1. A catalytic system for the synthesis of a pharmaceutical intermediate, 4H-pyrido[1,2-a]pyrimidin-4-one derivative, characterized in that, The catalytic system consists of an acidic eutectic solvent as a catalyst and toluene as a reaction solvent. The acidic eutectic solvent is obtained by mixing and heating choline chloride and zinc chloride.

2. The catalytic system for synthesizing the pharmaceutical intermediate 4H-pyrido[1,2-a]pyrimidin-4-one derivative according to claim 1, characterized in that, The molar ratio of choline chloride to zinc chloride is 1:

4.

3. The catalytic system for synthesizing the pharmaceutical intermediate 4H-pyrido[1,2-a]pyrimidin-4-one derivative according to claim 1, characterized in that, The preparation process of the catalytic system is as follows: Add an appropriate volume of toluene to a three-necked flask equipped with a magnetic stirrer and a spherical condenser. Add an appropriate amount of acidic eutectic solvent while stirring vigorously at room temperature. Mix thoroughly to form a heterogeneous catalytic system.

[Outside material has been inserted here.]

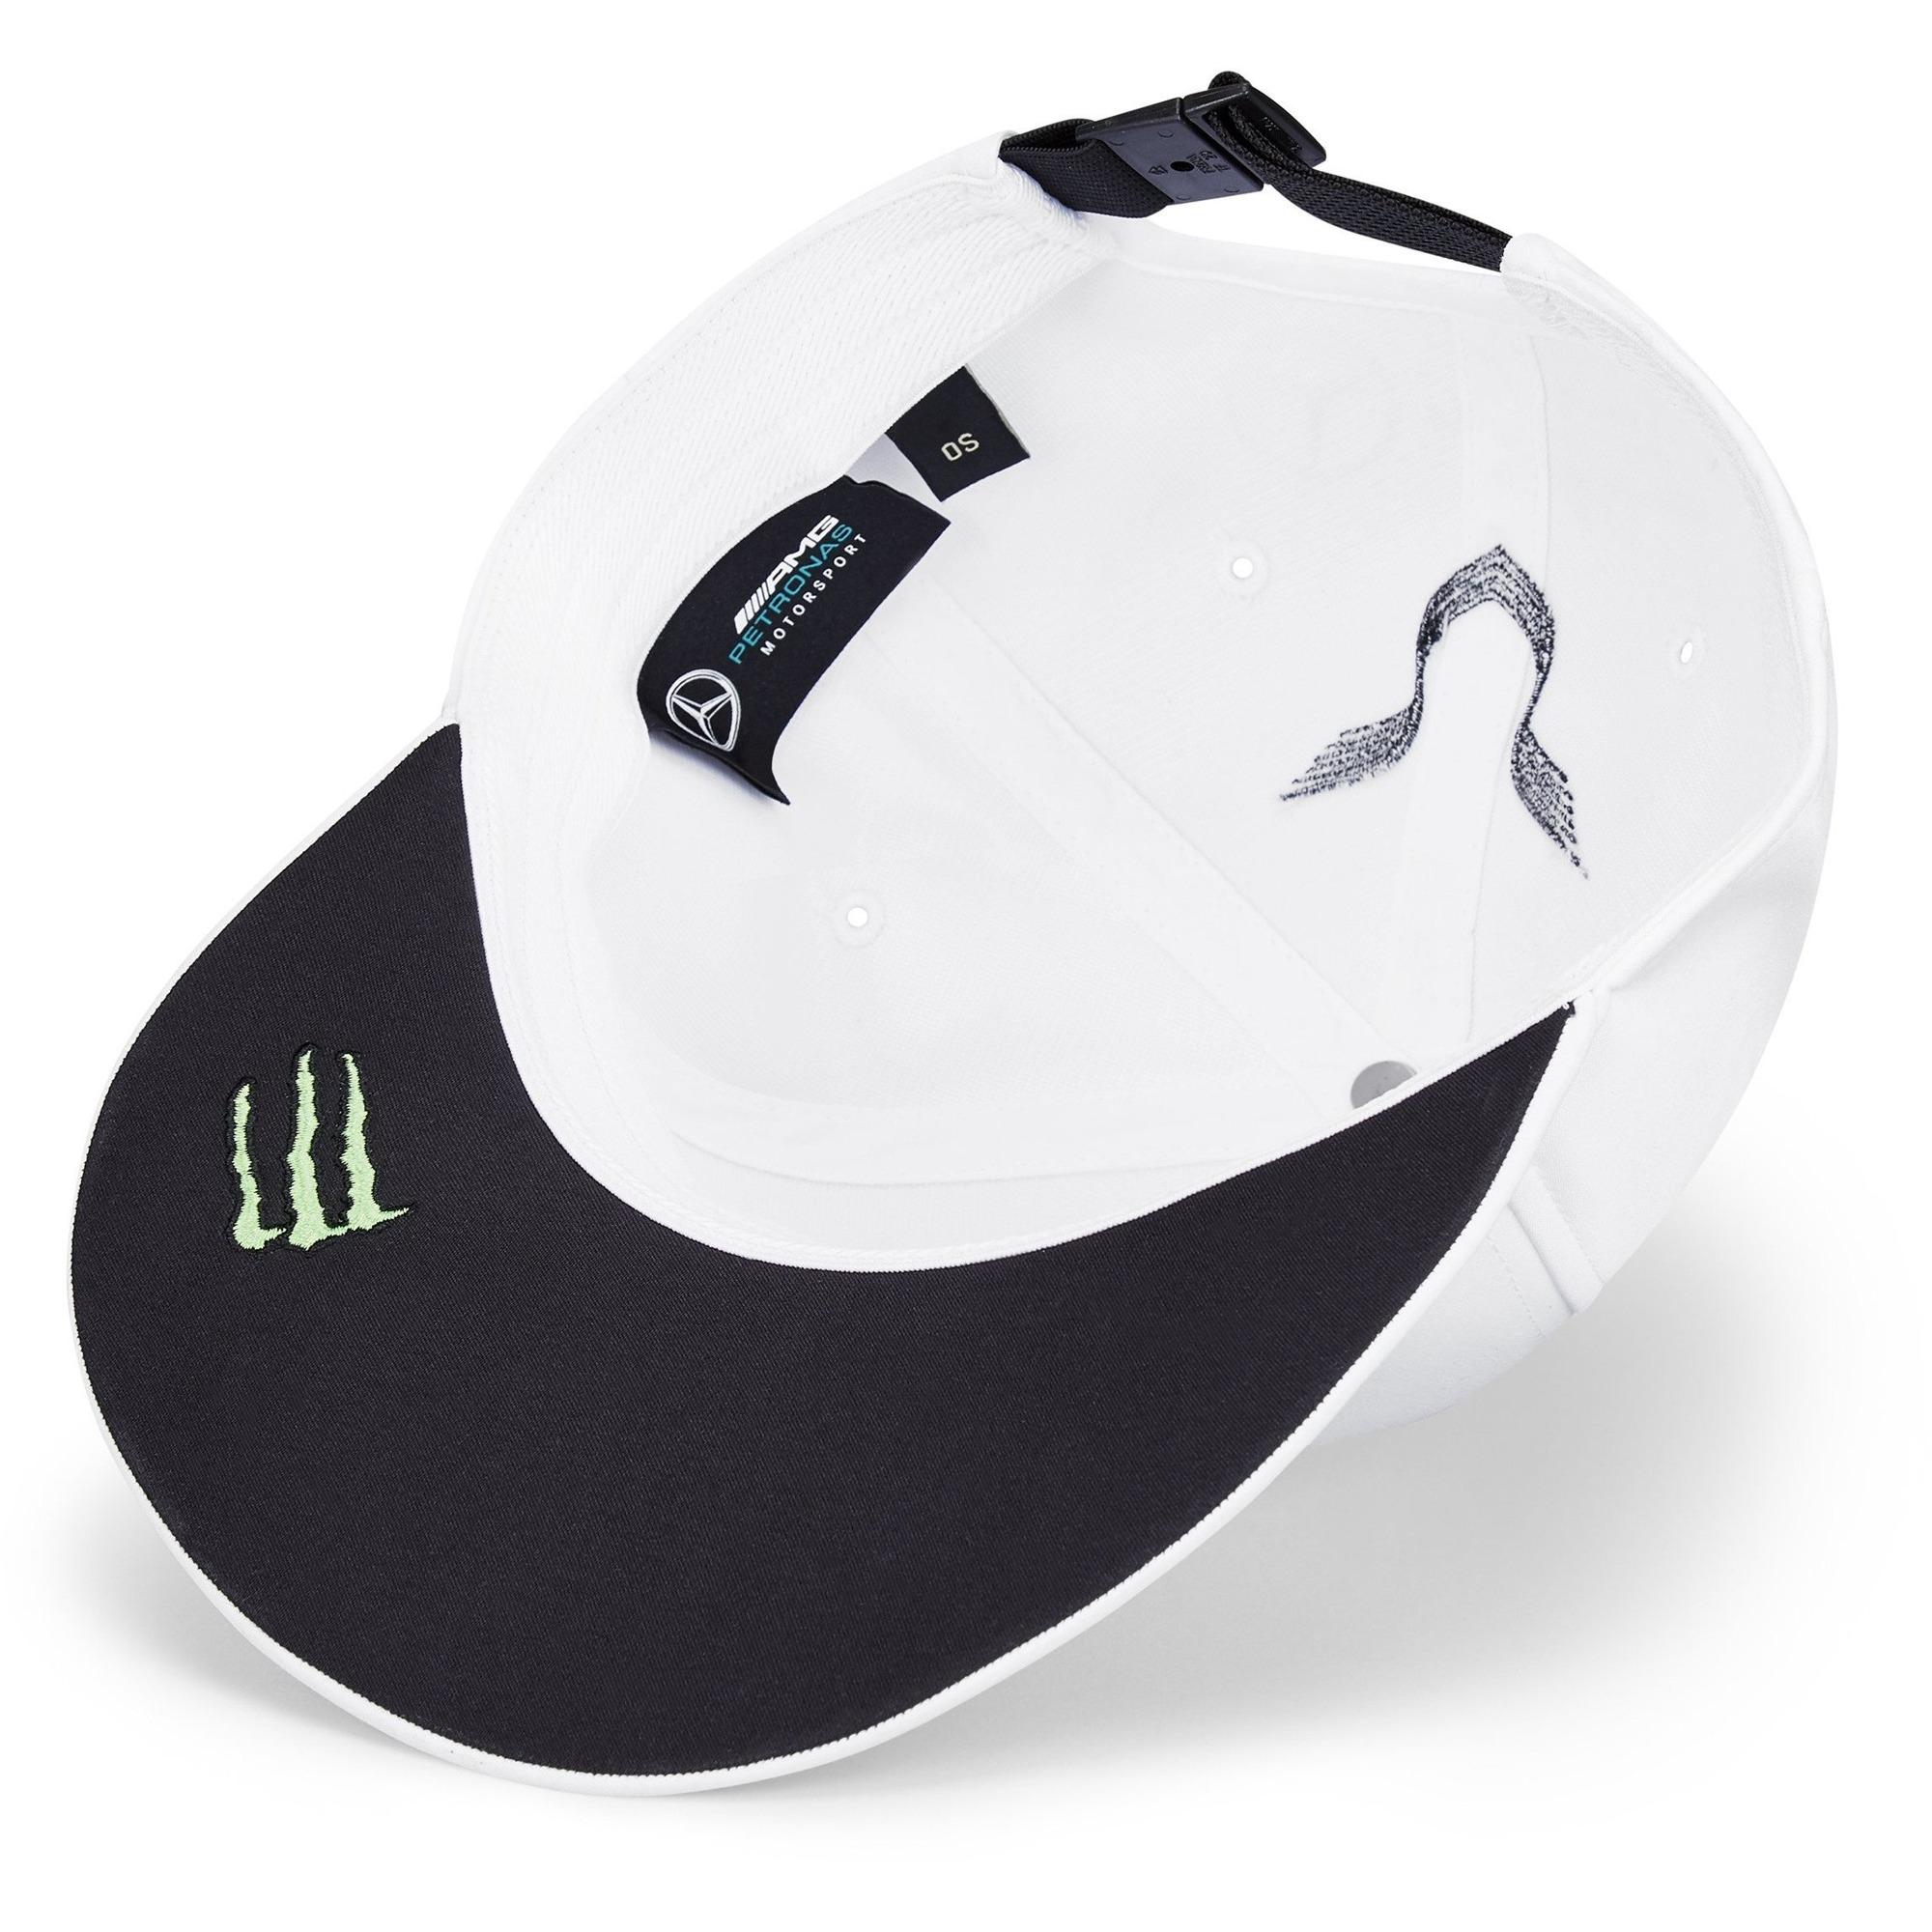 NEW 2019 Mercedes AMG F1 Adults Lewis Hamilton Baseball Cap Hat  R2
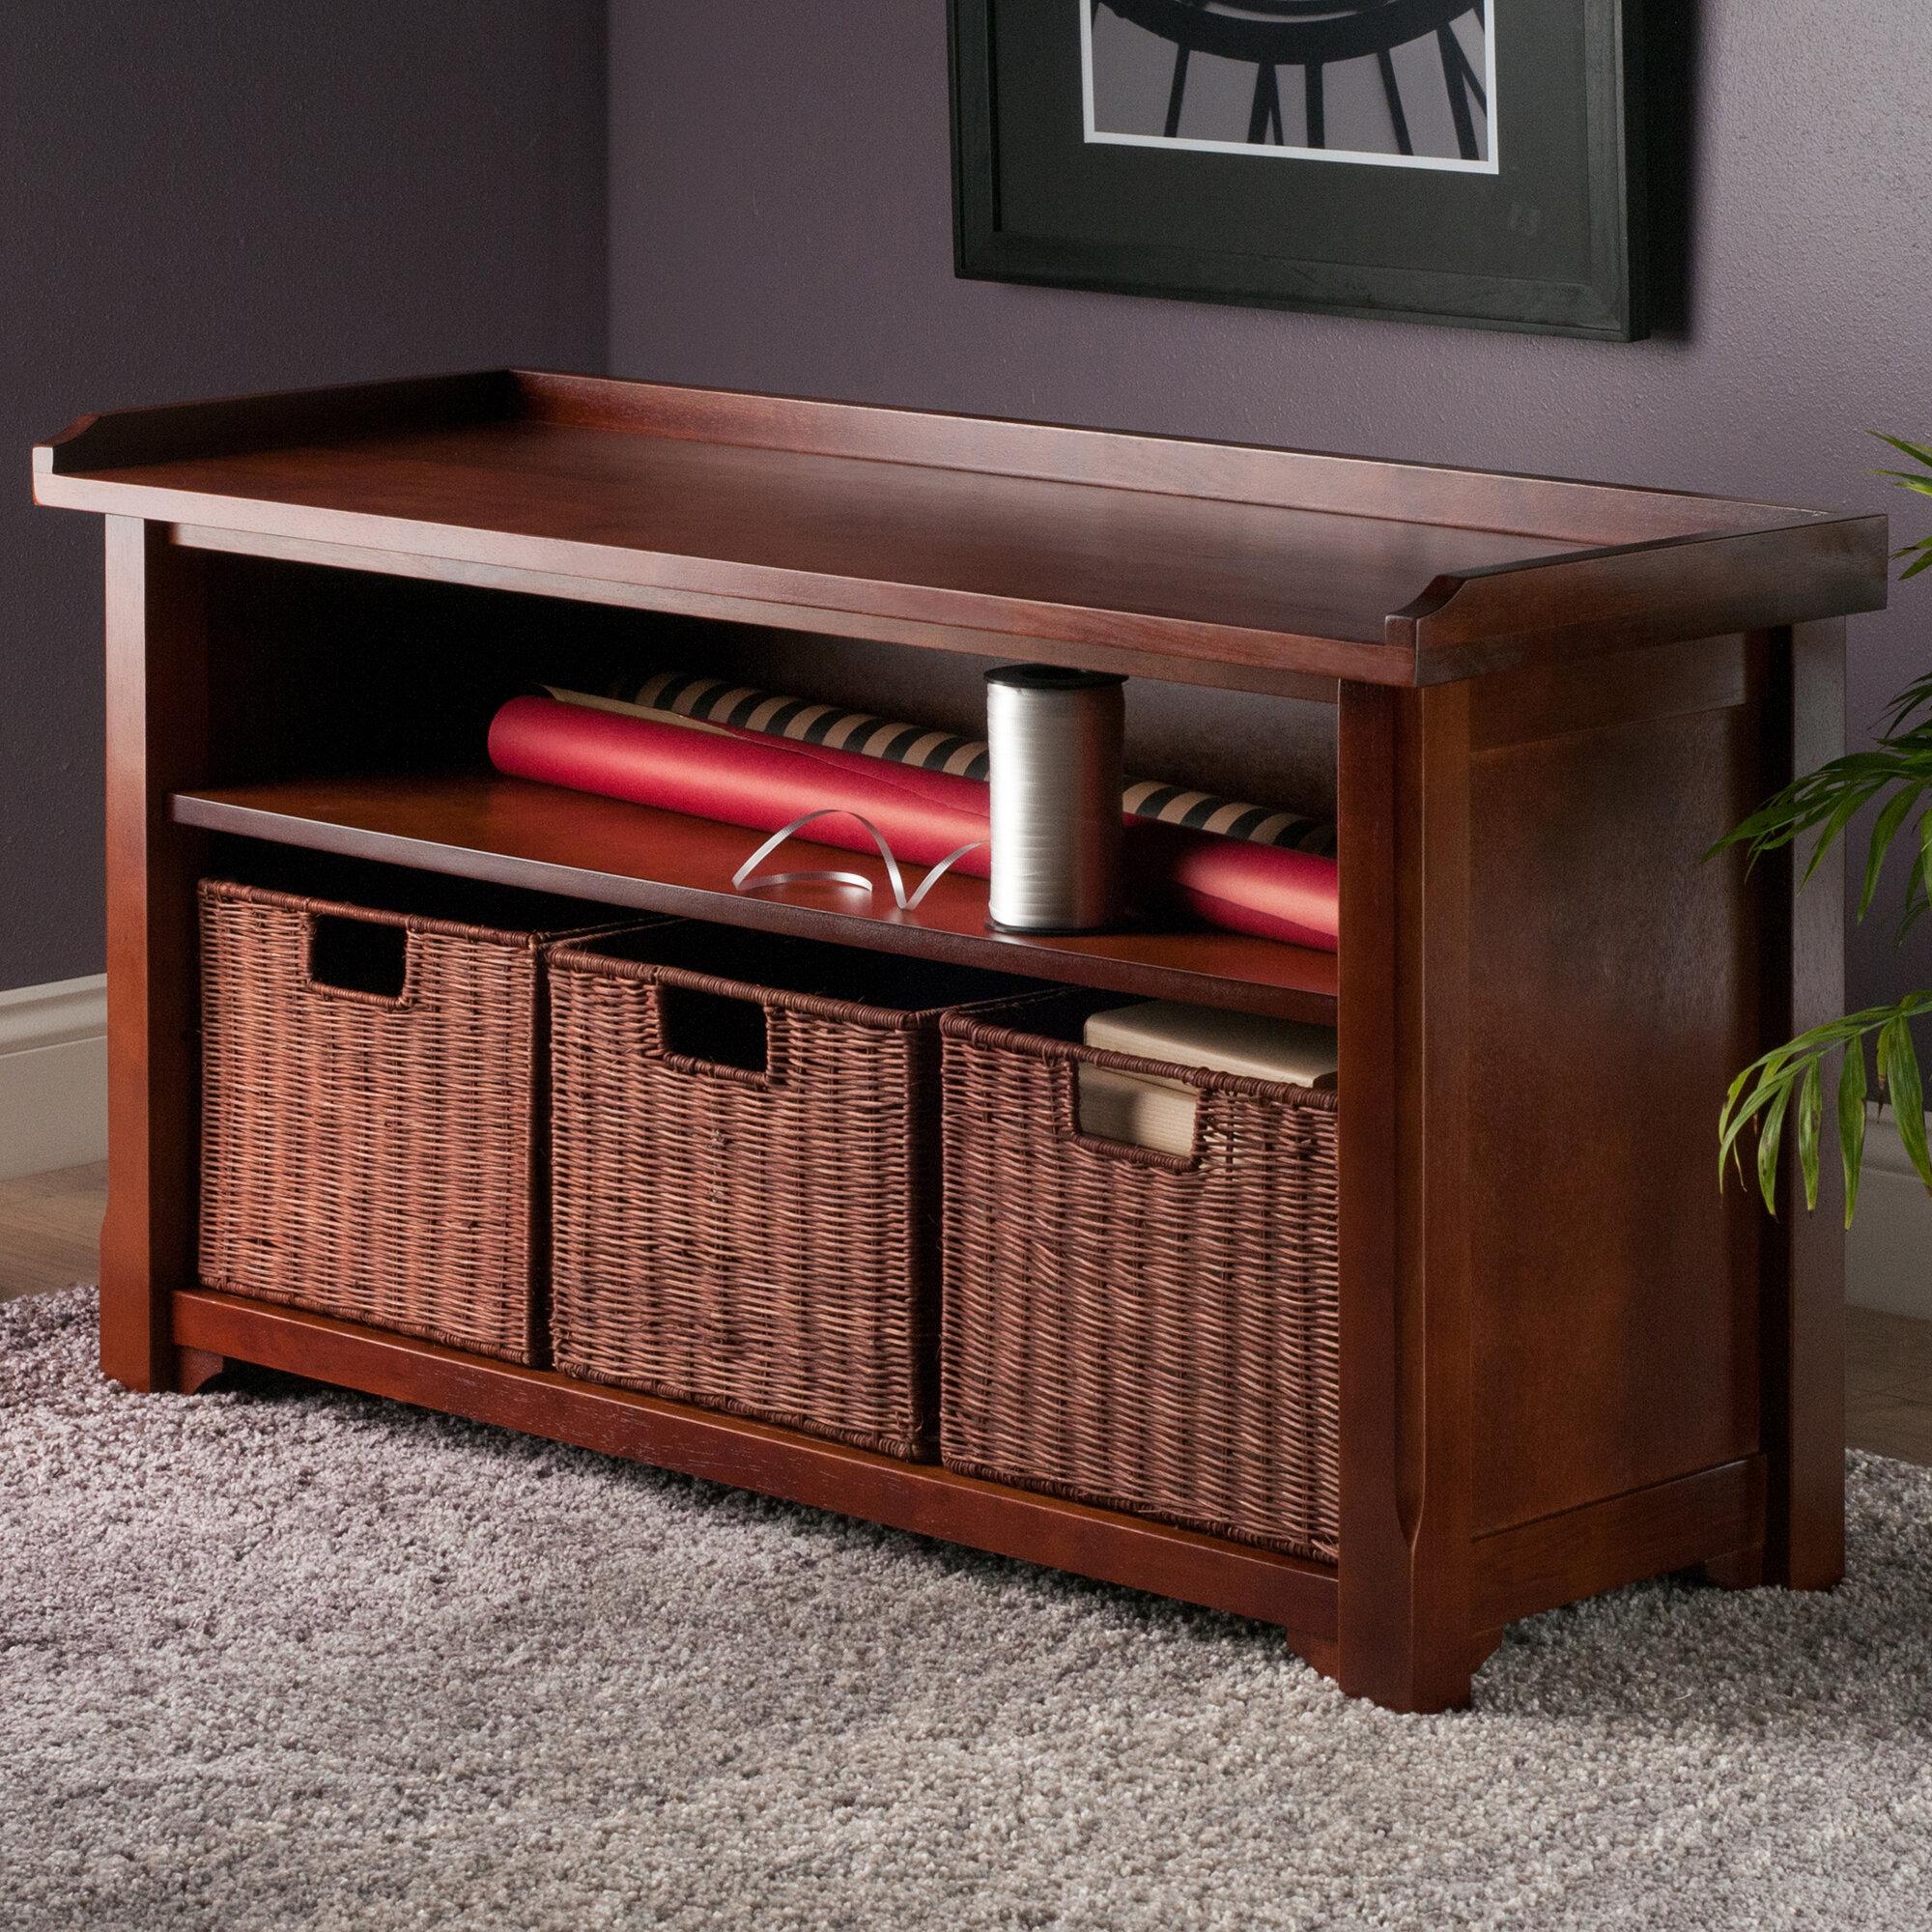 Red Barrel Studio Alasan Wood Storage Bench Reviews Wayfair

4. A method for synthesizing a pharmaceutical intermediate 4H-pyrido[1,2-a]pyrimidin-4-one derivative, using the catalytic system for synthesizing the pharmaceutical intermediate 4H-pyrido[1,2-a]pyrimidin-4-one derivative as described in claim 2, characterized in that, The synthesis method includes the following steps: Step 1: Accurately weigh the reaction raw materials, 2-aminopyridine compound and ethyl acetoacetate, at a molar ratio of 1:1; Step 2: Add the weighed reaction raw materials to the catalytic system and mix them evenly. Under vigorous stirring, slowly heat the mixture in a methyl silicone oil bath to the required reaction temperature. Maintain this reaction temperature until the raw material spot disappears. Once the reaction is complete, turn off the stirring and heating, remove the three-necked flask from the oil bath, and allow it to cool naturally to room temperature. Separate the liquids, evaporate the toluene from the upper layer of liquid and collect it to obtain the solid crude product. Step 3: The obtained crude solid product was recrystallized from ethanol to finally obtain a 4H-pyrido[1,2-a]pyrimidin-4-one derivative; Step 4: Mix the lower layer liquid obtained from the separation in Step 2 with the collected toluene, and add the reaction raw materials directly under magnetic stirring. The catalyst is recycled according to the steps in Steps 2 and 3. When the liquid chromatography purity of the product 4H-pyrido[1,2-a]pyrimidin-4-one derivative is lower than 98.5% or its yield decreases by more than 5% compared to the first use of the catalyst system, the catalyst system is stopped from recycling and regenerated in Step 5. Step 5: Add an appropriate volume of ethyl acetate detergent to the lower layer liquid obtained in Step 2, stir magnetically for 20 minutes, and then separate the liquid. Add the same volume of ethyl acetate to the lower layer liquid, stir magnetically for 20 minutes, and then separate the liquid again. Repeat this process 3 times. Finally, vacuum dry the lower layer liquid obtained in the third step at 85°C to constant weight to obtain the regenerated catalyst. Step 6: Add the regenerated catalyst to the new solvent composed of the toluene collected in Step 2 and the toluene that needs to be added to make up the required volume, stir well, and the regenerated catalyst system can be obtained.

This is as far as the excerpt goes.